Depending on the specific scientific goal of the conceptual mission, it may be unnecessary to rendezvous with Apophis earlier than the close-approach event. For such a mission, one can consider adopting a simple ballistic trajectory where both the Earth departure and Apophis rendezvous occur in 2029. 1DSM trajectories can also be adopted, but they do not offer a meaningful advantage over ballistic trajectories in this case, and thus are not discussed herein. In Fig. 9, the total delta-v, C3 energy, and delta-v for Apophis rendezvous for 2029 ballistic trajectories are plotted as a pork-chop plot. It was assumed that ballistic trajectories require at least three days of trip time. It is very evident that there is a specific departure time that ensures low total delta-v usage at around 4.63 km/s, and as long as the departure time is fixed at that time, the rendezvous time is of minute importance in terms of fuel consumption. The specific optimal departure date is April 13, which coincides with the Apophis close-approach event. One example solution where the spacecraft leaves Earth on April 13 and rendezvouses with Apophis on August 15 is represented as the yellow diamond (11) in Fig. 9, and more detailed information is given in Table 3 as Case 11. As can be inferred from the departure date and very low delta-v required to rendezvous, this trajectory (and all the other trajectories sharing the same departure time) corresponds to the case where the spacecraft virtually accompanies Apophis through its journey along its newly deflected heliocentric orbit.
5. CONCLUSIONS
In this study, preliminary trajectory design and analyses for a future mission to visit and inspect asteroid (99942) Apophis around its 2029 close approach to Earth were performed under the assumption of using impulsive maneuvers. Several different types of trajectories that may or may not include gravity assists were analyzed, and relatively simple trajectories, such as multi-revolution ballistic trajectories, 1DSM trajectories, and MGA-1DSM trajectories with a single gravity assist from Earth or Venus, were found to be the most feasible. For the spacecraft to rendezvous with Apophis before the end of 2028, the latest departure opportunity requiring a delta-v that is less than 5.5 km/s is in November 2027. It was also found that in the event that it is not necessary to arrive at Apophis before the close approach event, the strategy of letting the spacecraft accompany Apophis along its deflected orbit immediately after the close approach event may require an even less total delta-v of approximately 4.6 km/s.

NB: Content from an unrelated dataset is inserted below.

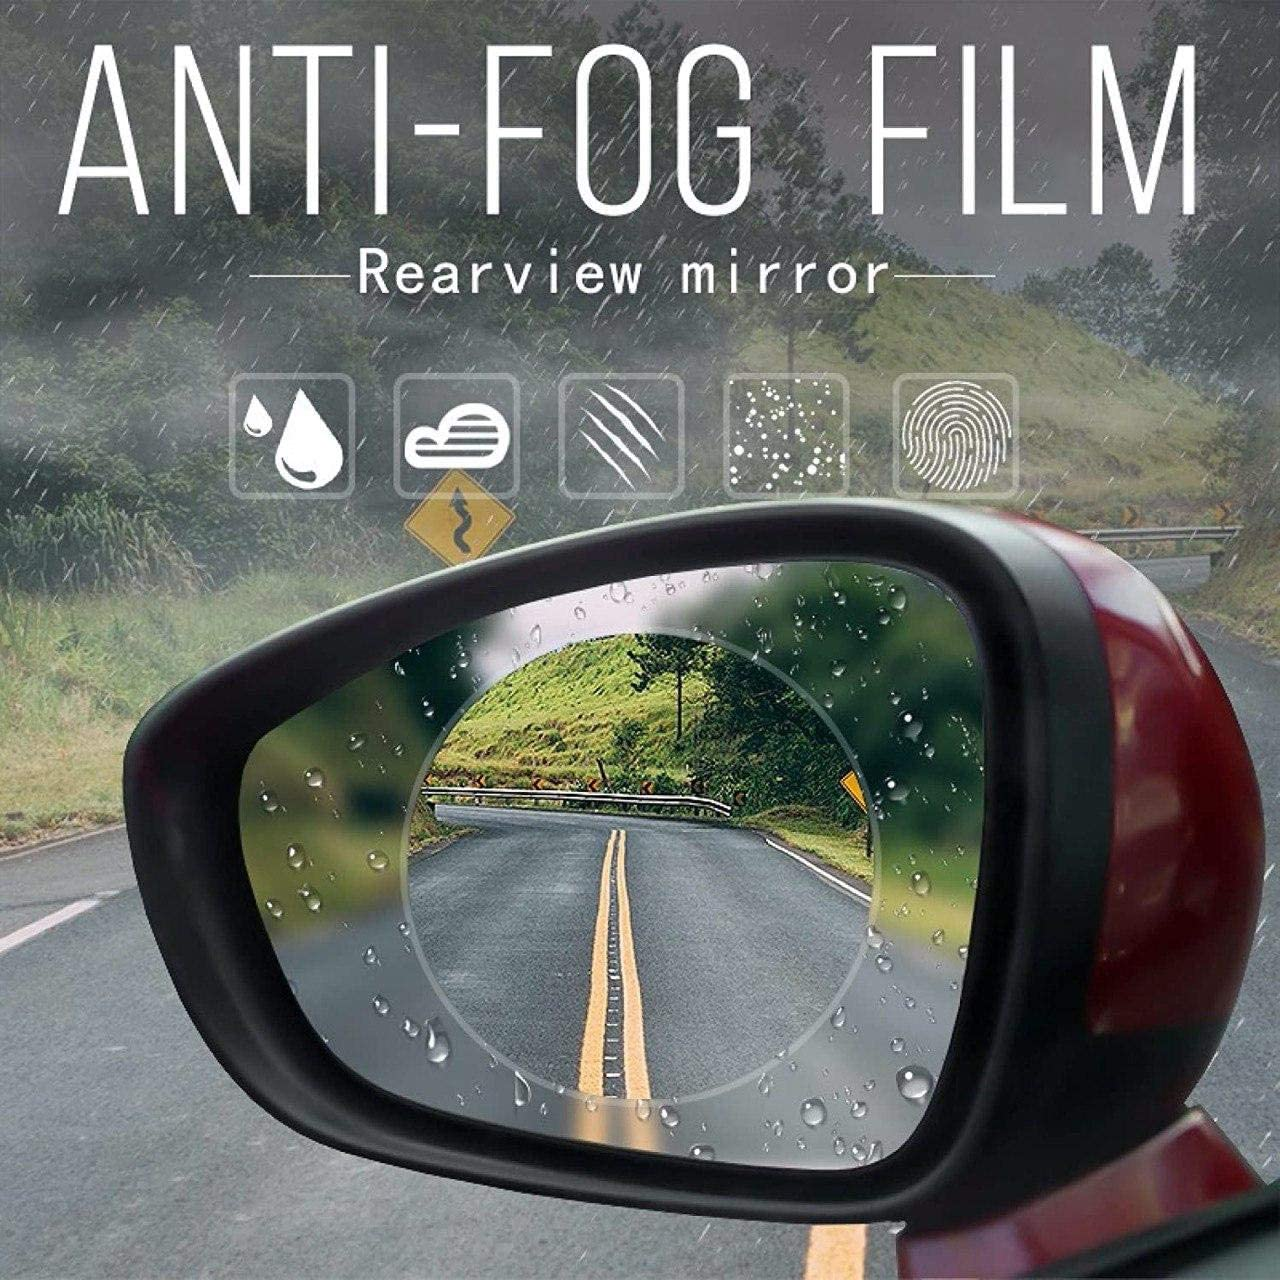 010-12653-0F Garmin Pilot A2189068303 2019//2020 GPS Mercedes Benz Navigation SD Card Anti Fog Rearview Mirror Sticker Included Version 13.0

The preliminary analyses in this study were conducted under the assumption that the spacecraft leaves from a 600- km altitude Earth parking orbit, and the cost function was defined simply as the total delta-v required to depart from the parking orbit until the rendezvous. It should be noted that the result itself will change under a different departure scenario (such as a change in the altitude of the parking orbit or the use of a launch vehicle from Earth), but the general procedure of the preliminary design used in this study can still be followed. Starting from the preliminary design obtained through this procedure, high-fidelity trajectories can be built and fine-tuned. Such high-fidelity trajectories should reflect both complex dynamics and more realistic constraints, and are likely to require more maneuvers than those used in the preliminary trajectory.